# Spotify or Google Music...?



## CC268 (Jun 27, 2011)

I know this is a bit off topic, but I was just curious as to which one you guys like better. I like Spotify because I pay 10 bucks a month for unlimited songs and then I can simply download them to my phone and listen to them whenever. I can also do the same with Google Music, but obviously you pay for each song. Which do you guys prefer and which one would you use to download the songs onto your phone?

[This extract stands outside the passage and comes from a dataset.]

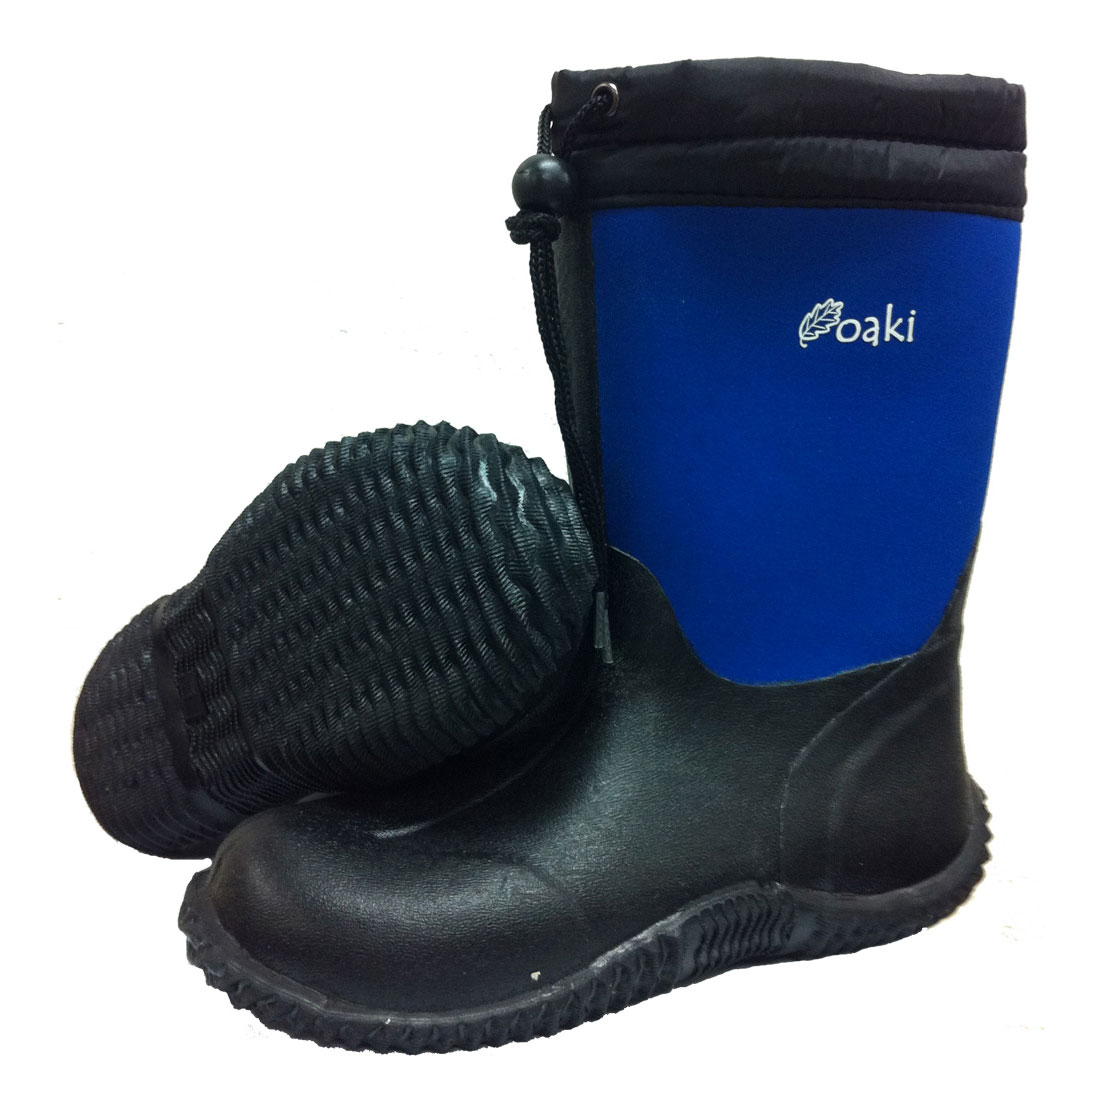 1102x1100 Blue Boots Cliparts

P.S. I would love to use Google Music full time, but unfortunately I still have to use iTunes as the Doubled-in Touch Screen deck in my truck is only compatible with an iPod. Of course, I can hook up my phone with Bluetooth to it, but then I lose the whole interface and point of my touch screen deck...I don't understand why there are still no Android interface compatible touch screen decks


----------



## mil0ck (Nov 18, 2011)

Been using Spotify for about 2 years now and think it's great. So almost all the time, I use spotify. The only problem I have is that the Spotify app on android isn't exactly perfect, but I guess it's decent enough. I'm also in Sweden (I was able get Google Music while in beta, via proxy) where I can't access the the store or buy any music. So I only use it as a library for all my music.


----------



## CC268 (Jun 27, 2011)

mil0ck said:


> Been using Spotify for about 2 years now and think it's great. So almost all the time, I use spotify. The only problem I have is that the Spotify app on android isn't exactly perfect, but I guess it's decent enough. I'm also in Sweden (I was able get Google Music while in beta, via proxy) where I can't access the the store or buy any music. So I only use it as a library for all my music.


Gotcha...well maybe for now I will keep both spotify and google music and just download the spotify music to my phone


----------